Nowadays attacks tend to start as automated processes executed by botnets that look for vulnerable services and automatically hack them.
We often aren’t aware of how much information our services share, like a web server that shares its version number. It didn’t take long for me to find a public web server like that:
$ curl -I https://▋▋▋.▋▋▋▋▋▋▋▋▋.net
HTTP/2 301
server: nginx/1.18.0 (Ubuntu) ← ⚠️
date: Fri, 04 Oct 2024 08:57:20 GMT
content-type: text/html
content-length: 178
location: https://▋▋▋.▋▋▋▋▋▋▋▋▋.net/home/
We know this server is using server: nginx/1.18.0 (Ubuntu)
, we can look for vulnerabilities affecting this software and launch an attack.

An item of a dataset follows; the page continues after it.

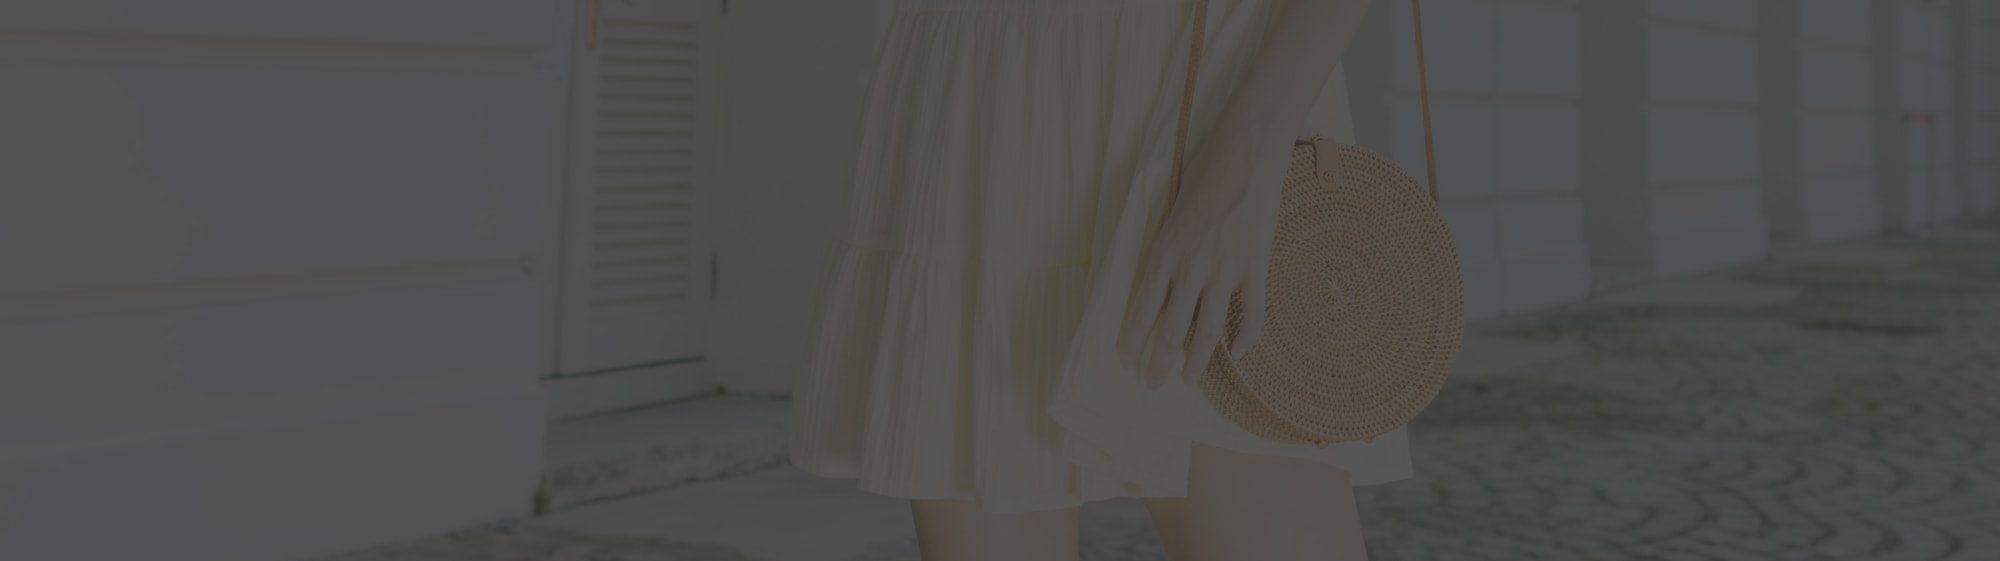 pinkbasis_banner

Querying for Vulnerabilities in Your Device
Where can you search for the vulnerabilities in a given software? In a vulnerability database (ba dum tss).
When a vulnerability is found, it is classified under the Common Vulnerabilities and Exposures (CVE) system. This system standardizes naming vulnerabilities (CVE-YEAR-ID
) and presenting relative information (description, metrics, etc.).
Some organizations such as NIST NVD maintain CVE databases, where people can learn how to mitigate them.
This database has a search tool that allows you to search by software and version. You only need to format it in a CPE (Common Platform Enumeration), a structured naming scheme for information technology systems, software, and packages.
When in doubt about what is the correct CPE for your resource, you can always ask Google:
For the nginx
service from the example earlier, the CPE would be cpe:2.3:a:f5:nginx:1.18.0:*:*:*:*:*:*:*
.
Entering this string on the search tool:
Throws three high-severity vulnerabilities that could be used to impact that web server:
Getting closer to an industrial setup, we’ll take a Siemens ‘SIMATIC S7-1500’ PLC as an example:
This concrete PLC has a 0.5.1
firmware version, so its CPE would be cpe:2.3:o:siemens:simatic_s7-1500_cpu_firmware:0.5.1:*:*:*:*:*:*:*
.
Querying the NIST database, we see 13 vulnerabilities:
Nice! Now we can go through this list and apply mitigation actions where needed.
Querying the NIST NVD API
However, repeating this process for each resource at a time is time-wasting, and directly not feasible when we have hundreds of devices.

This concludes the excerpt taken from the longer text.